Ch# Chapter 19: Instruction Selection and Portable Compilation
You can also read this chapter in a linear Git revision history on the linear branch and compare it to the previous chapter.
A new abstract Machine
class is added, one per unique CPU port. Machine
defines a name for the port, names for all registers, and how to generate
machine Nodes from ideal Nodes. Machine
also allows generating split ops
and jumps, both used by the machine independent compiler parts during
code-gen.
A new CallingConv enum is added, to allow picking between various calling conventions.
A new InstructionSelection compile phase is added before Global Code Motion. It is optional, but will replace the ideal Nodes with machine- specific variants. Instruction selection is called with the target CPU name; the porting code is looked up and used then. This allows the Java implementation at least the ability to add CPU ports lazily.
We add a notion of "machine specific" Nodes, which implement the Mach
interface. Mach
nodes define incoming and outgoing registers for every
instruction, their bit encodings and user representations. Later we'll add
function unit information for a better local schedule.
More static globals move into the CodeGen object, which is passed around at all the top level drivers. It's not passed into the Node constructors, hence not into the idealize() calls, which remains the majority of cases needing a static global. In short the compiler gets a lot more functional, and a big step towards concurrent or multi-threaded compilation.
Machines
define registers as small dense integers. The Register Allocator
will use these numbers when allocating.

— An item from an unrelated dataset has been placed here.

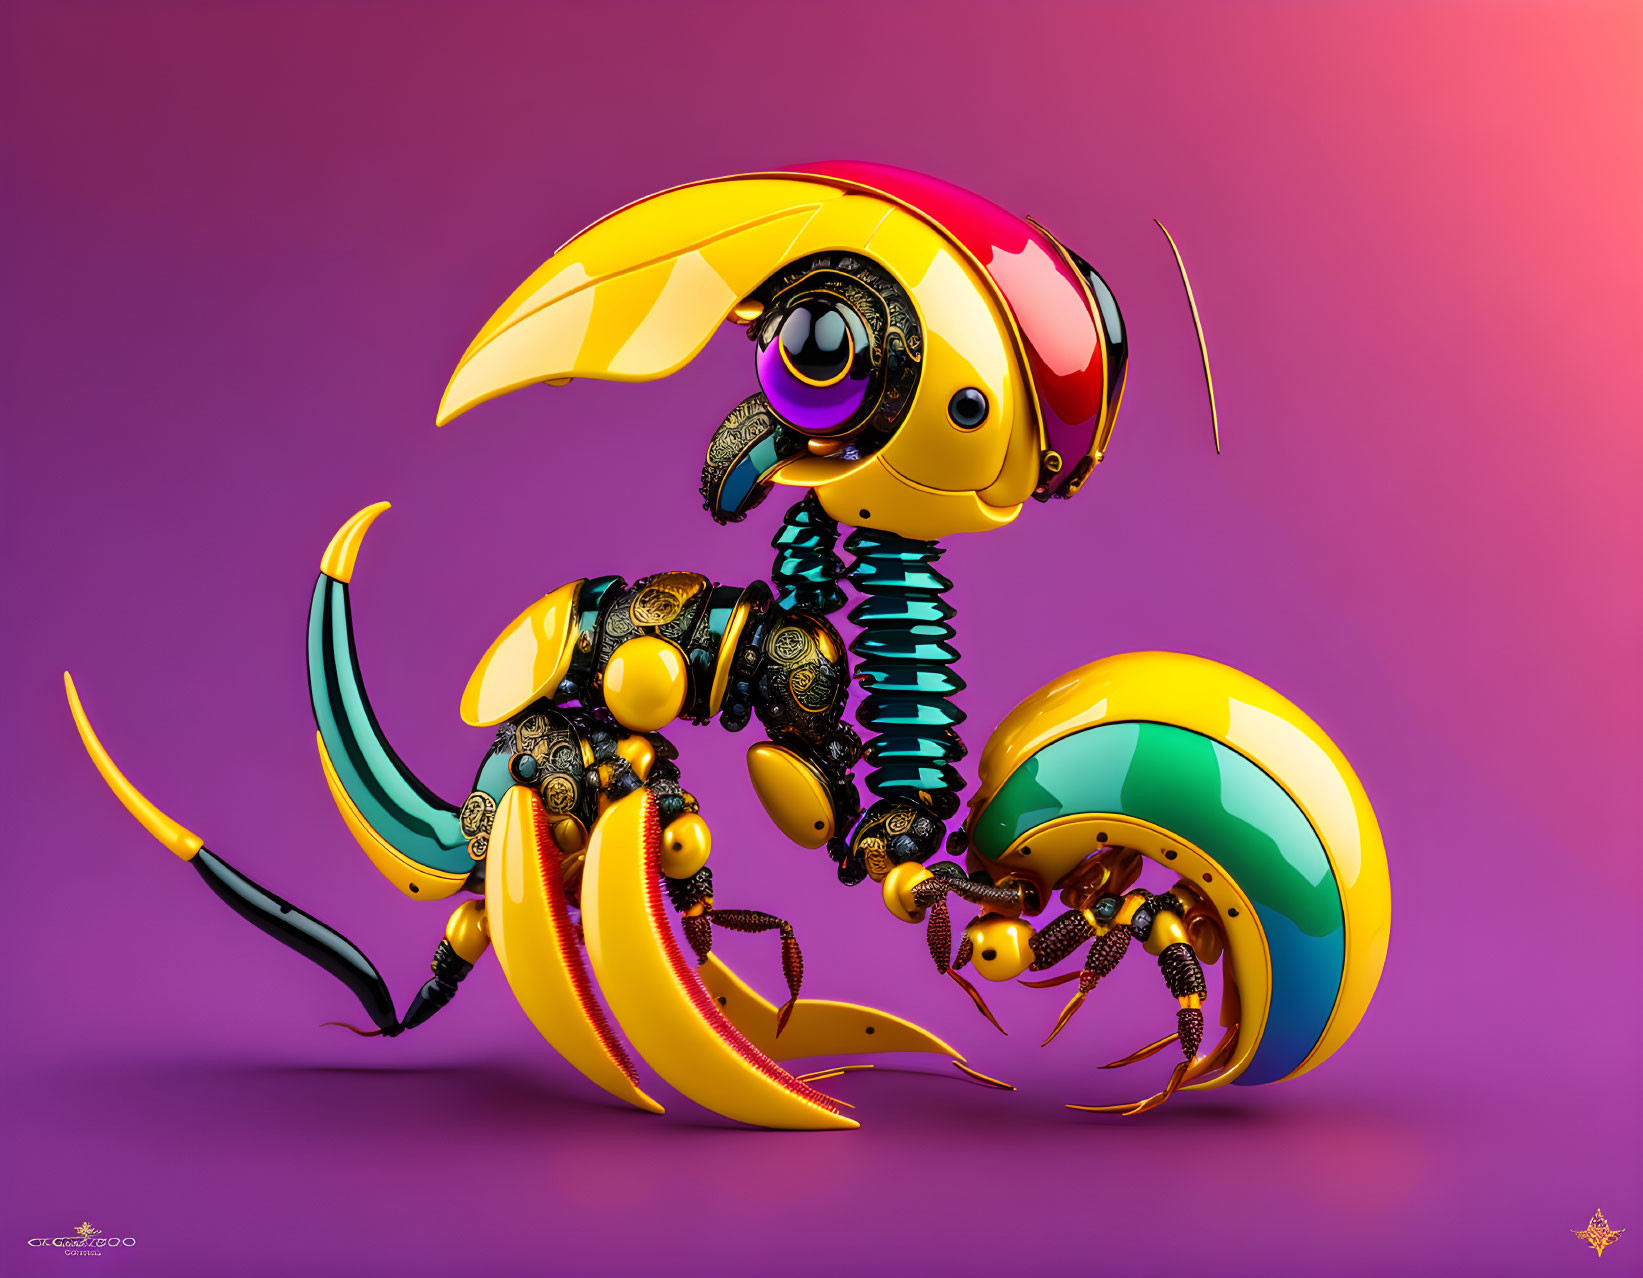 Vibrant Yellow and Pink Mechanical Scorpion on Purple Background
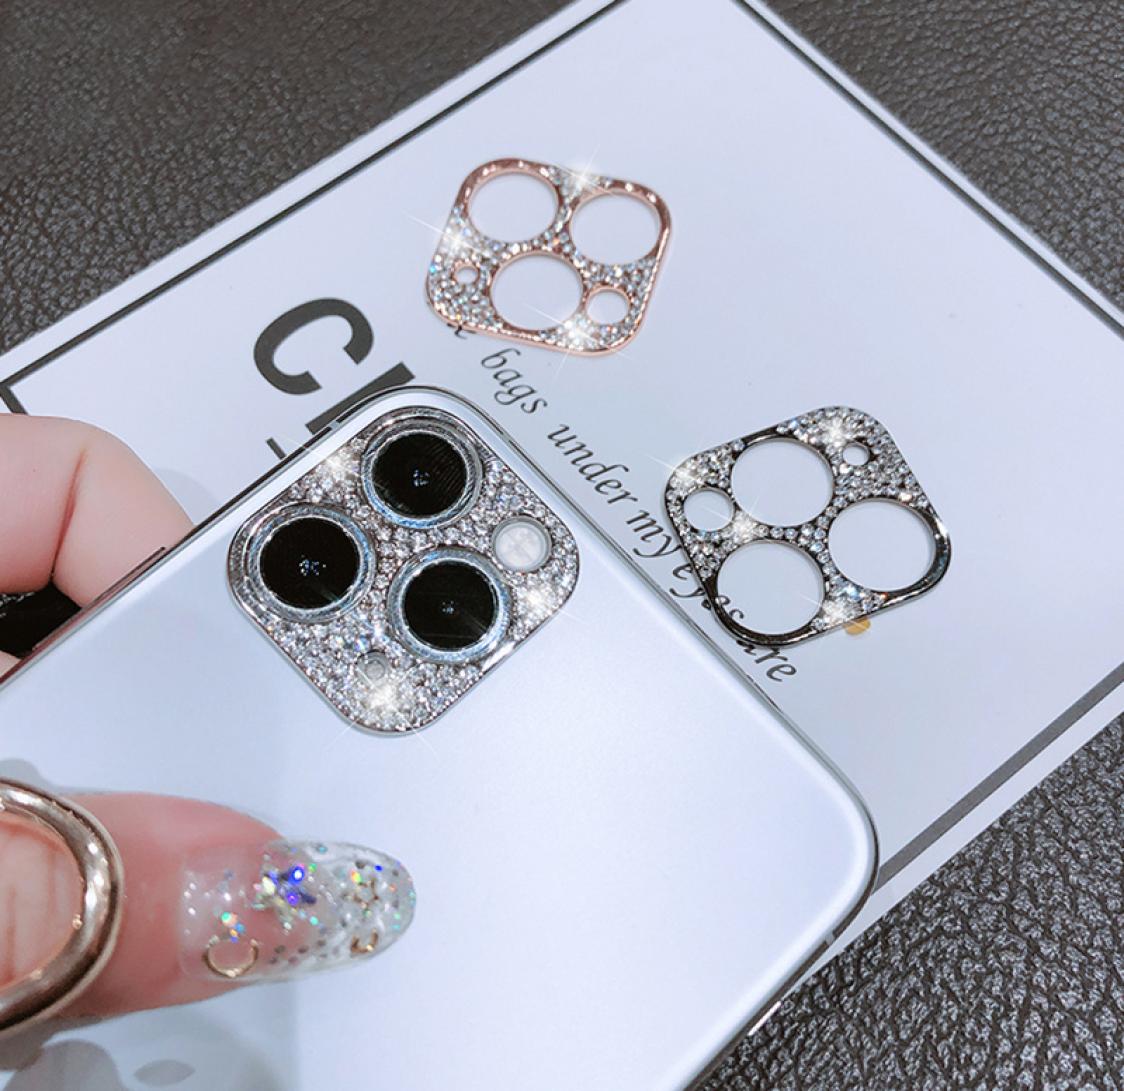 Bling Diamond Camera Lens Protector For iPhone 12 Pro Max Glitter Rhinestone Camera Protective Ring For iPhone 11 Pro Max Cover6512611

The mappings from small integers to
machine registers is up to the porter, but there's usally an obvious
one-to-one. For the X86, RAX will be register 0, RCX register 1 and so on up
to the 16 GPRs. The XMM registers at 16 and go up to 32. Register numbers
must be unique; this is how the register allocator tracks them.
A RegMask
Register Mask class holds onto bitsets of allowed registers. Most
machine ops are limited to some subset of all registers, and the allowed sets
are written as a RegMask. Most RegMasks are immutable, e.g. the set of allowed
registers into a Mul
operation, but the register allocator will make
extensive use of mutable register sets.
Calling conventions dictate many fixed registers, and in practice tend to really "bind up" the set of allowed registers.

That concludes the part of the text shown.